目前,群体感应抑制剂主要采用化学合成、植物中提取及可实现长效释放的载体制备。然而,无论是合成亦或天然抑制剂,其抑制效果、体内稳定性及生物安全性均有待进一步研究。
我国中草药资源十分丰富。中药应用于临床包括感染性疾病的治疗具有悠久历史。本课题组前期对中药大黄的抗炎症反应等作用研究多年。但中药成分复杂,作用机制呈现多靶点。而大黄素是中药大黄的主要有效单体,药理作用与大黄相似。大黄素抗菌作用已经明确。可以尝试作为群体感应抑制剂。但大黄素水溶性差,限制其临床应用。因此,本发明设计并制备了大黄素纳米囊,以提高大黄素水溶性及生物利用度,达到更广谱的抑制生物被膜形成的作用。
发明内容
针对上述问题,本发明目的在于一种壳聚糖接枝脂质纳米囊包载大黄素在抑制病原菌生物被膜中的用途。
为实现上述目的,本发明采用技术方案为:
一种壳聚糖接枝脂质纳米囊包载大黄素在抑制病原菌生物被膜中的用途,所述包载大黄素壳聚糖接枝脂质纳米囊(简称大黄素纳米囊)在作为抑制病原菌生物的被膜中的应用。
所述包载大黄素壳聚糖接枝脂质纳米囊为将大黄素、油相、表面活性剂和壳聚糖按质量比为1-100:100-200:50-85:100-200混合,采用相反转法制备获得包载大黄素壳聚糖接枝脂质纳米囊。

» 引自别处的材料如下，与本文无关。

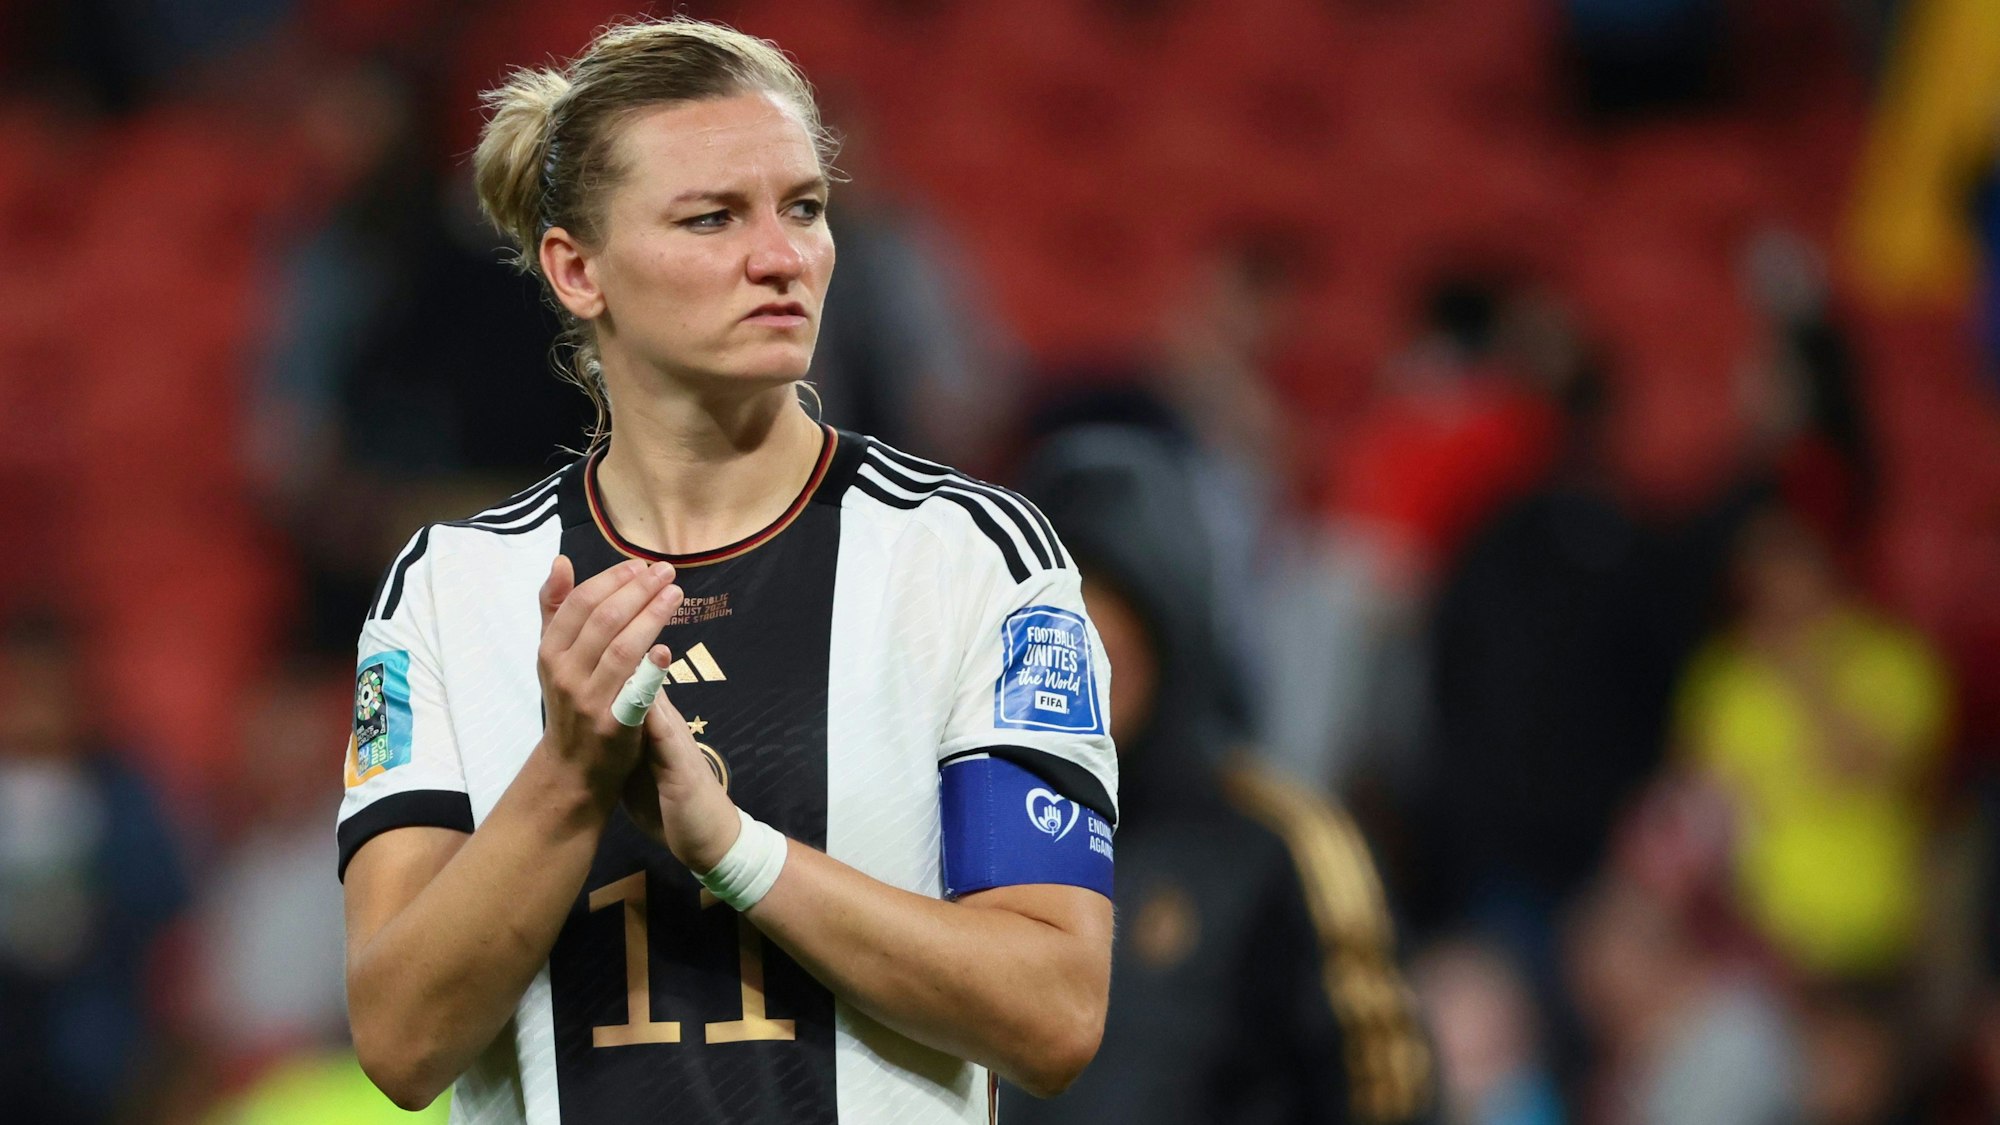 Alexandra Popp klatscht nach dem Deutschland-Aus bei der Frauen-WM enttäuscht in Richtung Fans.
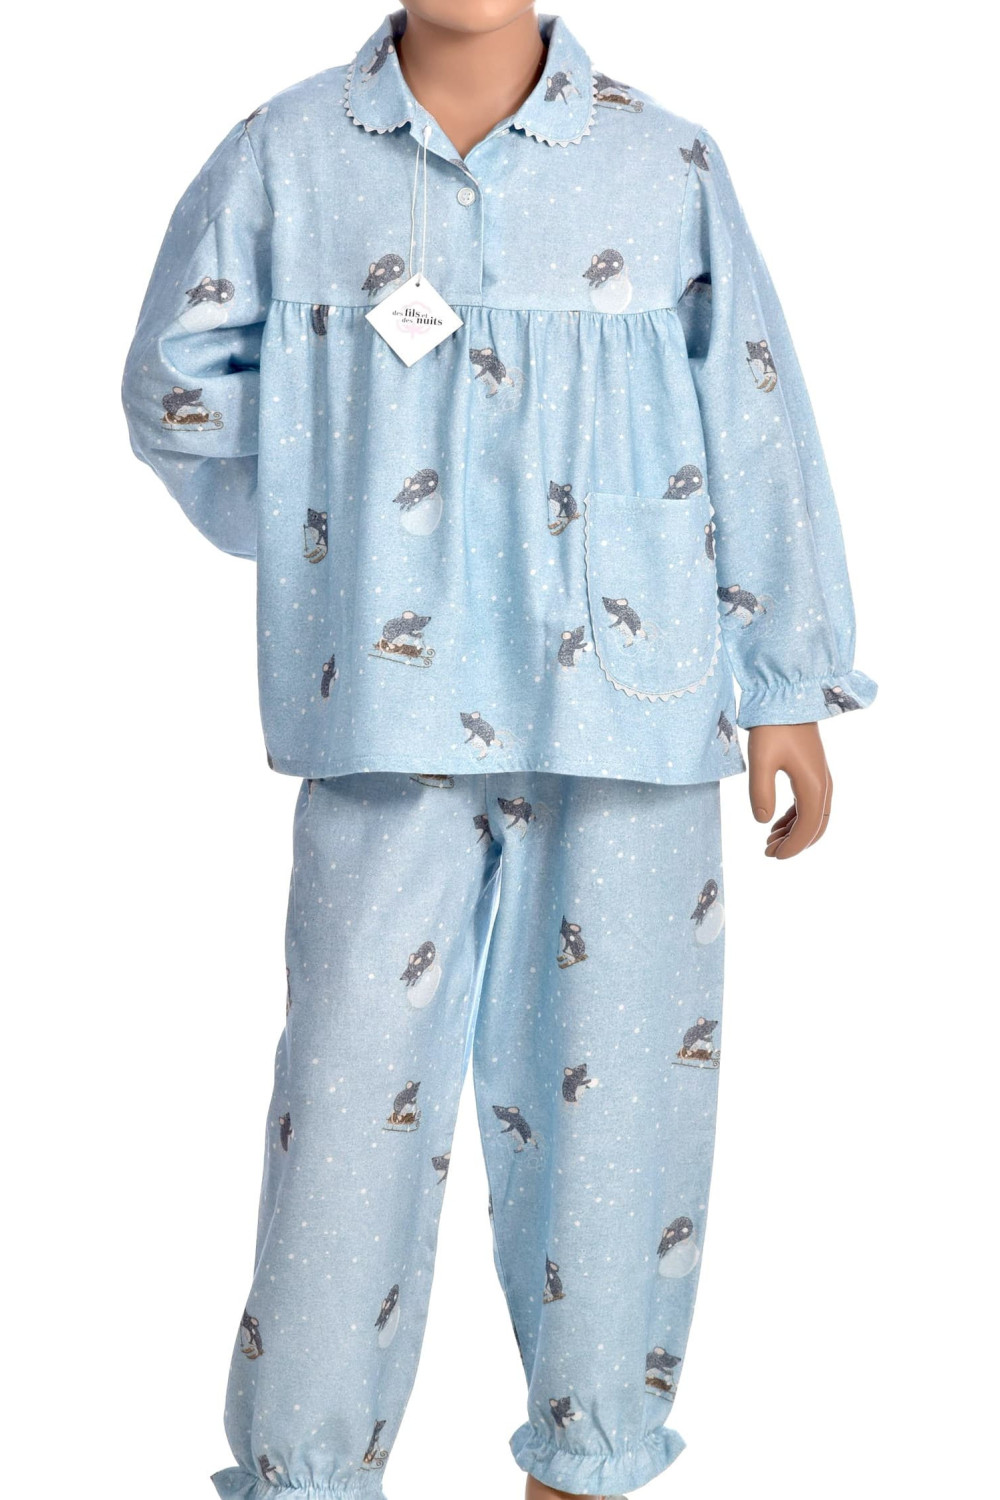 Pyjama pilou pilou fille - Tissaia - 5 ans

所述油相为中链甘油三酯(MCT);表面活性为聚乙二醇15羟硬脂酸酯(HS15)。
所述病原菌为大肠埃希菌(Escherich coli)、金黄色葡萄球菌(Staphylococcusaureus)、铜绿假单胞菌(Pseudomonas aeruginosa)、沙门氏菌(Salmonella)或单增李斯特菌(Listeria monocytogenes)。
本发明与现有技术相比,具有如下优点和效果:
1.本发明将水溶性差的大黄素进行处理得到大黄素纳米囊,进而显著提高大黄素水溶性,对临床上剂量控制、应用等提供了理论依据,并且大黄素纳米囊对生物被膜抑制作用显著。
2针对生物被膜难控制的现状,本发明应用大黄素纳米囊进行治疗可以避免病原菌抗生素耐药性的产生。降低了大黄素的临床使用浓度,减少药物毒性及副作用,扩大了大黄素的临床应用范围。
3.本发明产品的制备过程条件温和。对病原菌生物被膜的抑制作用方式简单、可操作性强。
4.本发明大黄素纳米囊制备过程为绿色无毒,壳聚糖接枝脂质体包载大黄素纳米囊制备工艺简便,安全性高、成本较低,可实现高通量大规模制备。
附图说明
图1为本发明是实施例提供的大黄素纳米囊电镜下形态及粒径分布图;
图2为本发明是实施例提供的大肠杆菌生物被膜经大黄素纳米囊处理后随时间变化的激光共聚焦显微镜图;
图3为本发明是实施例提供的亚MIC浓度的大黄素及大黄素纳米囊对生物被膜形成抑制作用差异图。
图4为本发明是实施例提供的不同浓度大黄素及大黄素纳米囊对生物被膜内细菌抑制作用差异。
图5为本发明是实施例提供的不同孵育时间内大黄素及大黄素纳米囊对生物被膜形成抑制作用差异。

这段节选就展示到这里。